= ACTIVITY =
With the pictures omitted, write out all of the listing exactly.

= DATA EXTRACT =
BEGIN

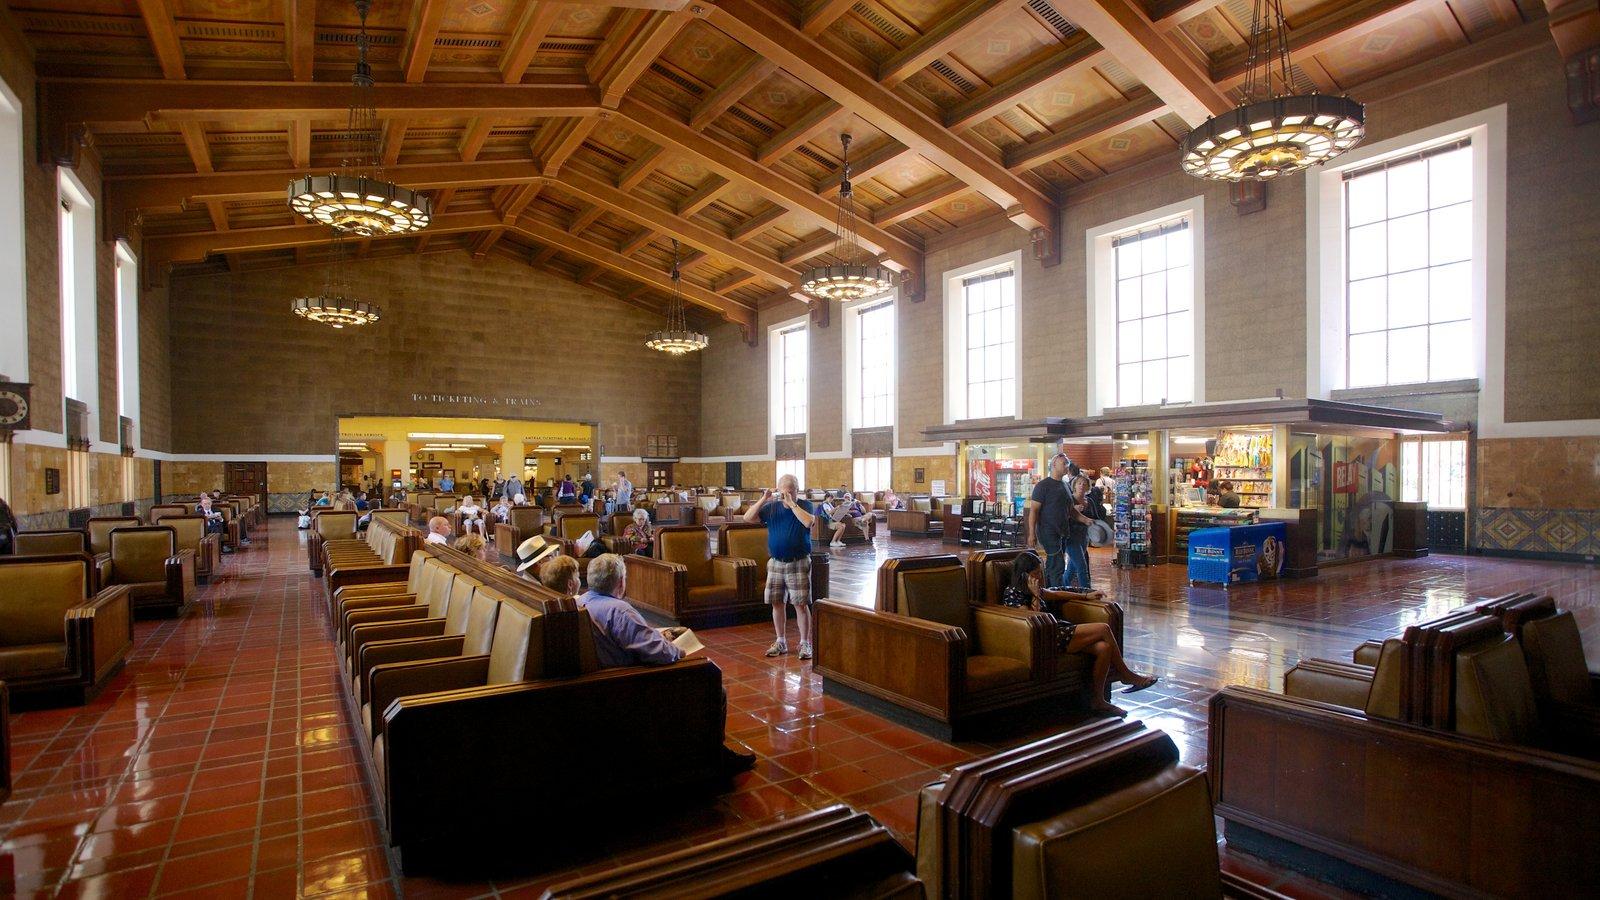 Centro de Los Ángeles mostrando vistas interiores y patrimonio de arquitectura
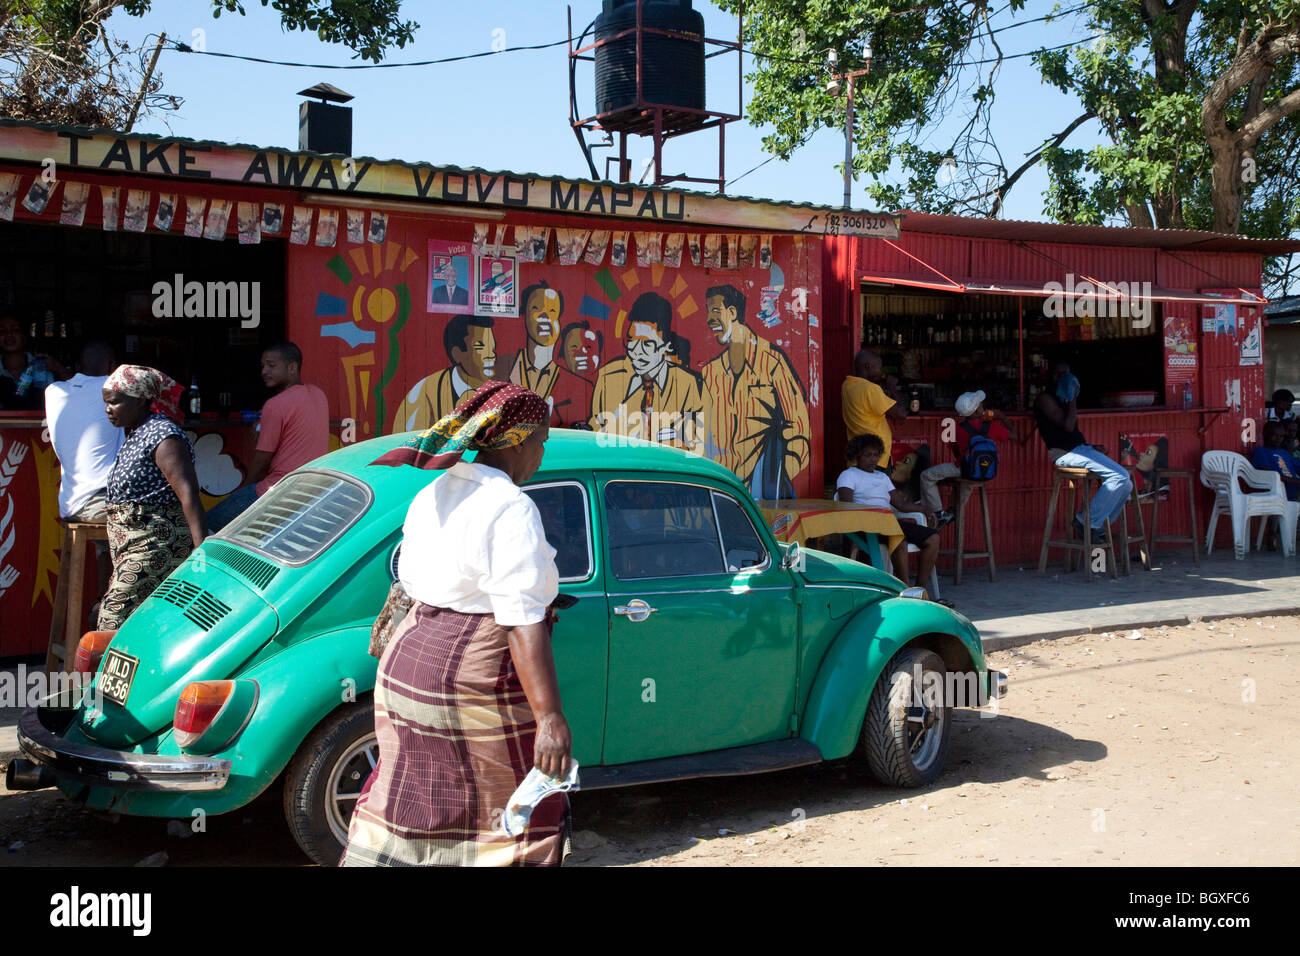 Calle en Catembe, Maputo, Mozambique Imagen De Stock
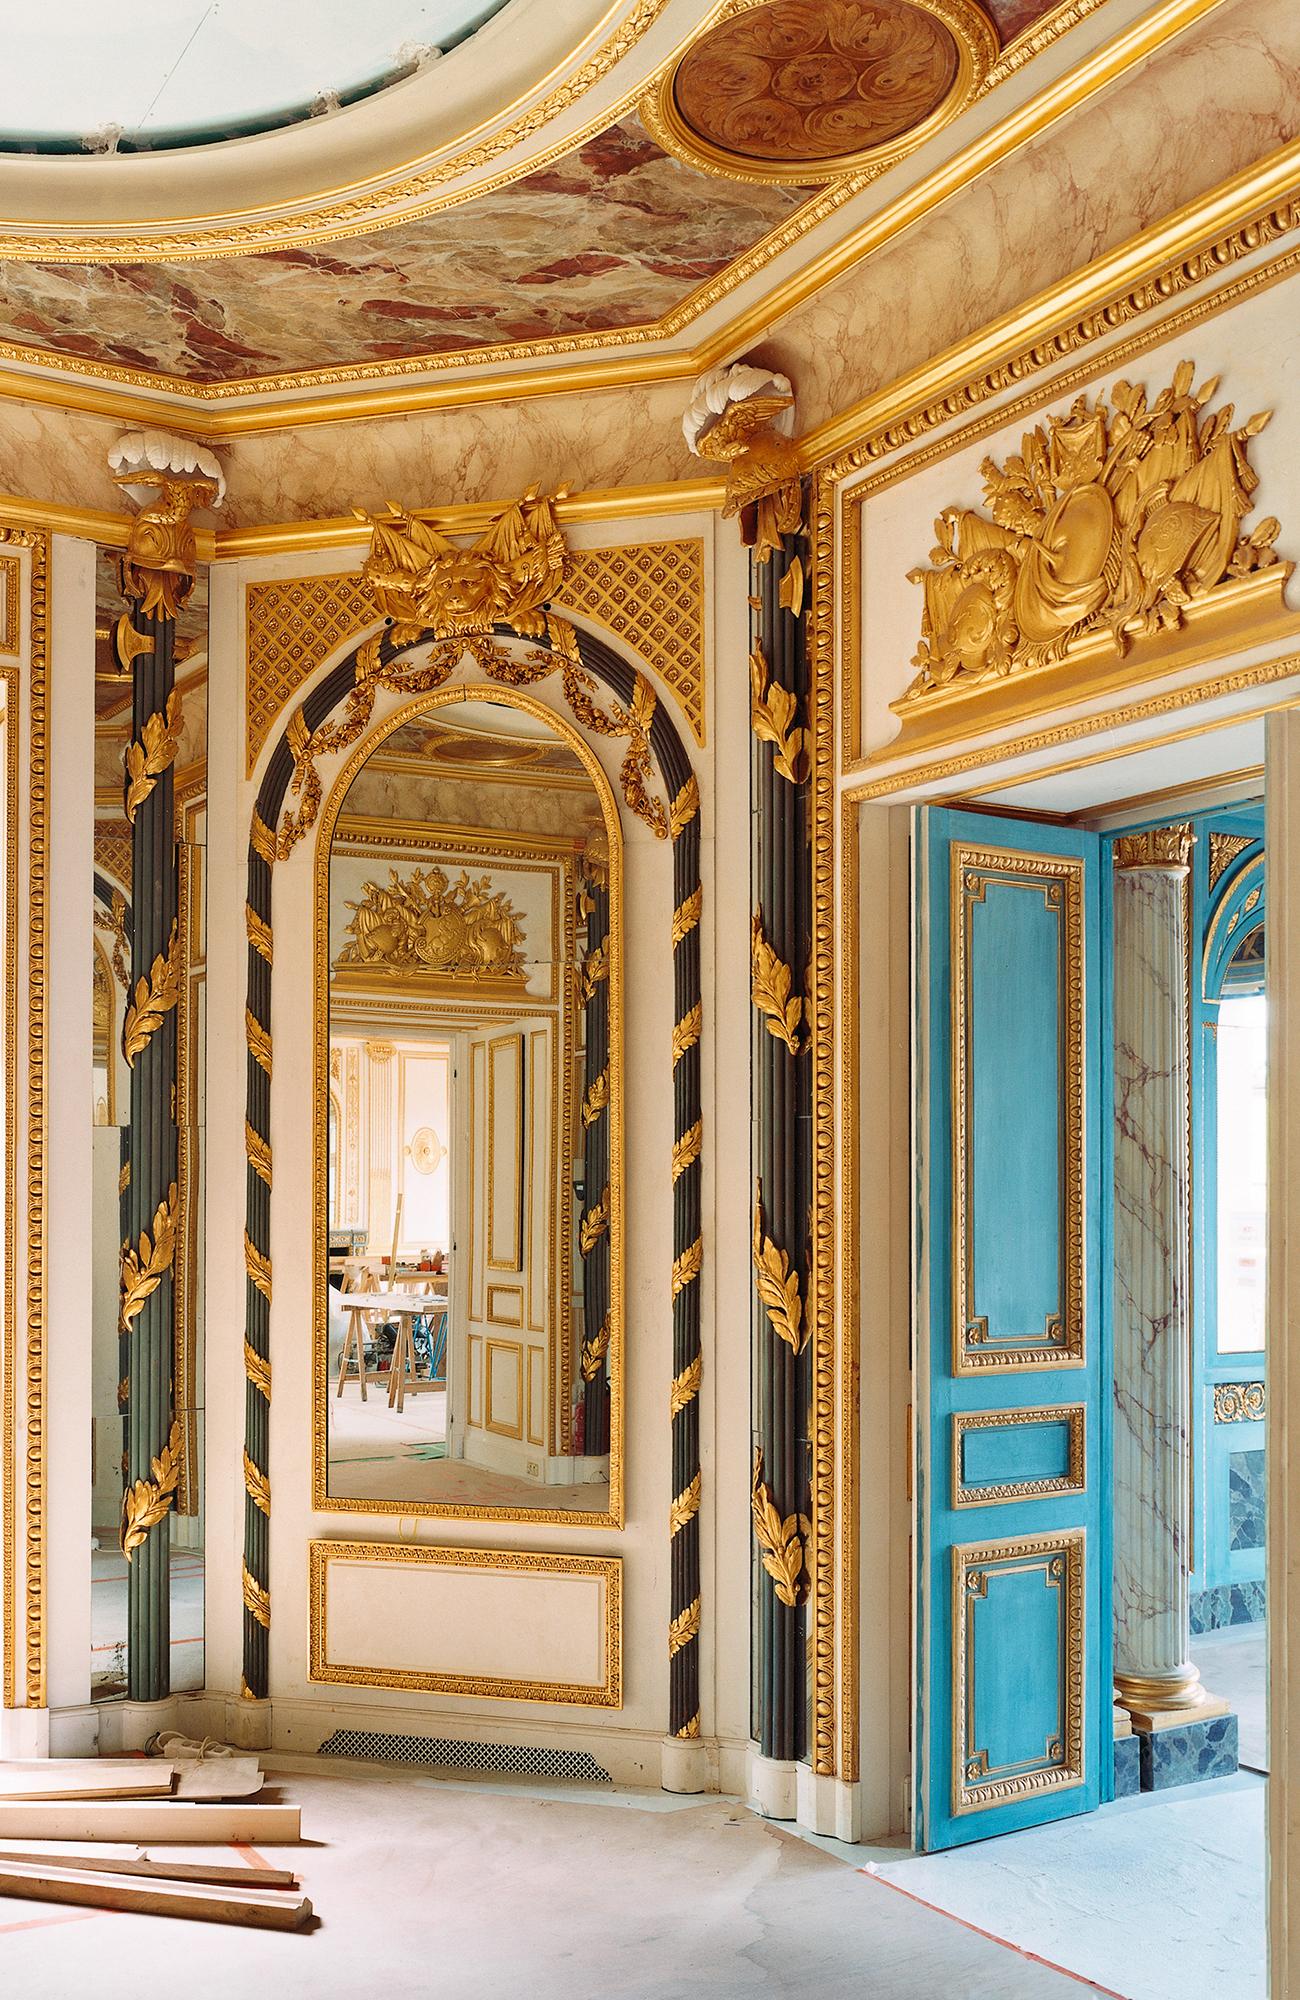 Salon chinoisant, boiserie Régence XVIIIe, bois peint blanc et or, provenance Place Vendôme, collection Féau
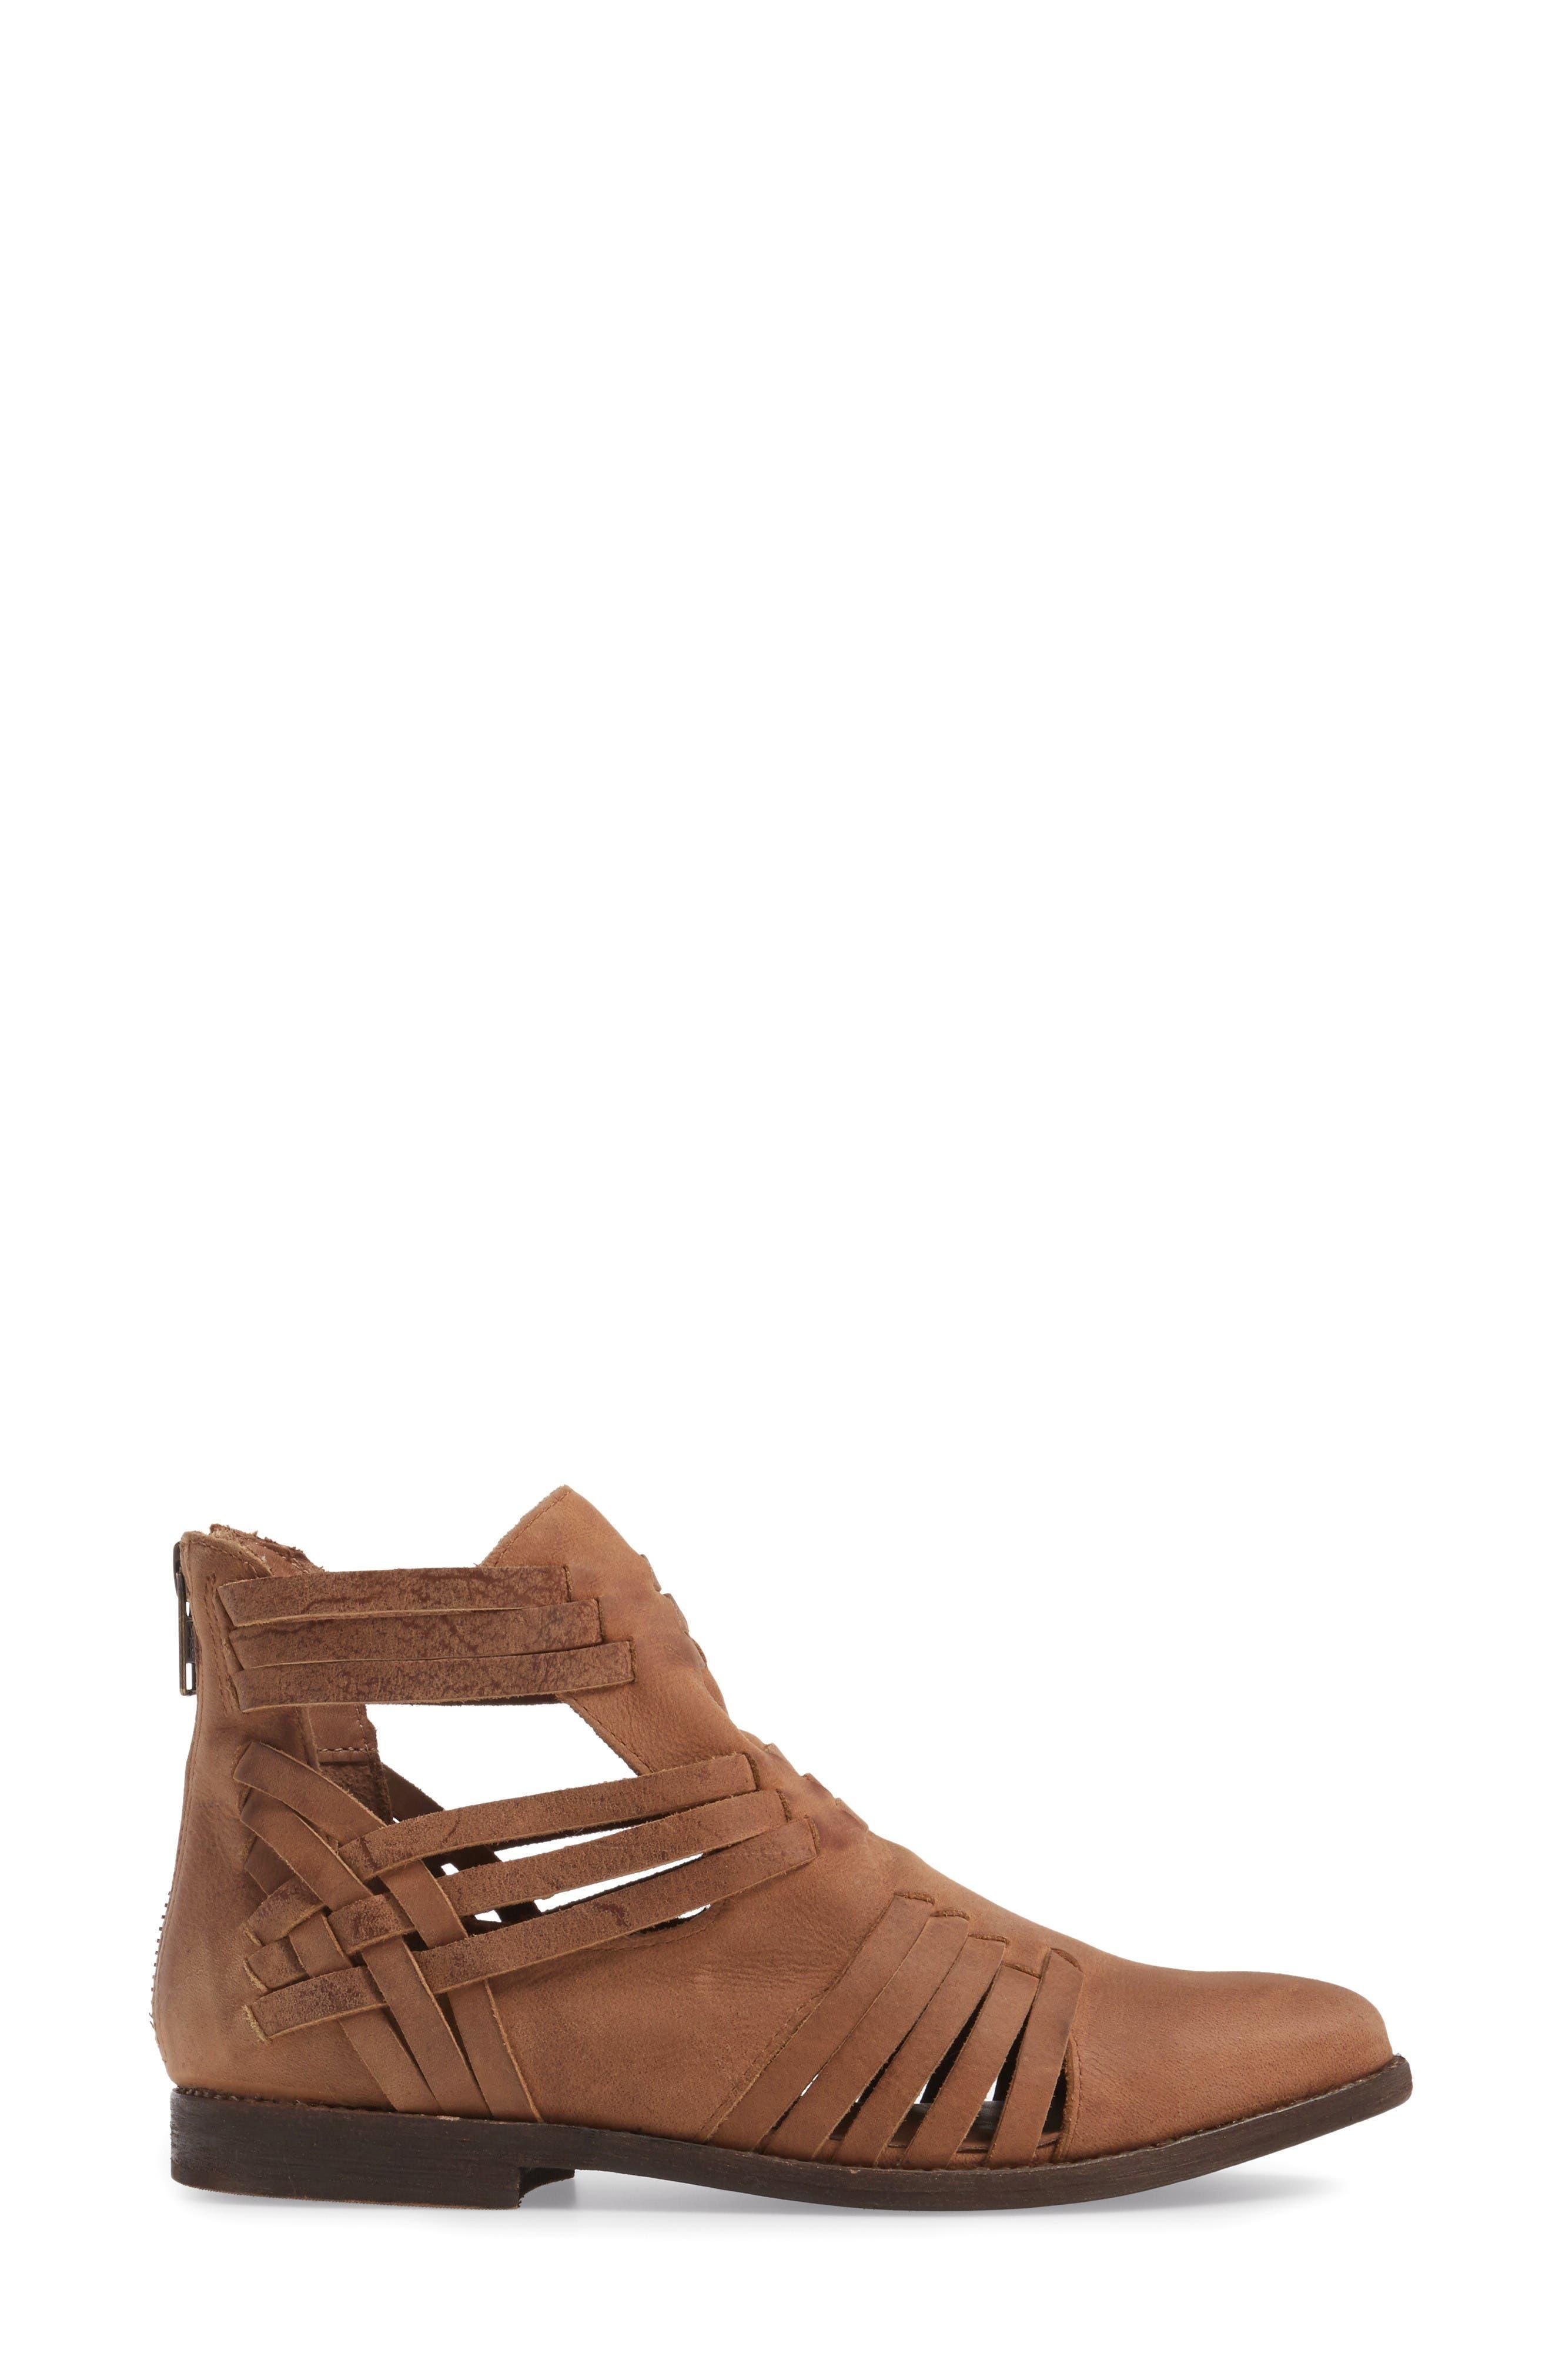 Fairuz Bootie,                             Alternate thumbnail 3, color,                             Tan Leather

END

= OUTPUT FOR THIS TASK =
 Centro de Los Ángeles mostrando vistas interiores y patrimonio de arquitectura
 Calle en Catembe, Maputo, Mozambique Imagen De Stock
 Salon chinoisant, boiserie Régence XVIIIe, bois peint blanc et or, provenance Place Vendôme, collection Féau
 Fairuz Bootie,                             Alternate thumbnail 3, color,                             Tan Leather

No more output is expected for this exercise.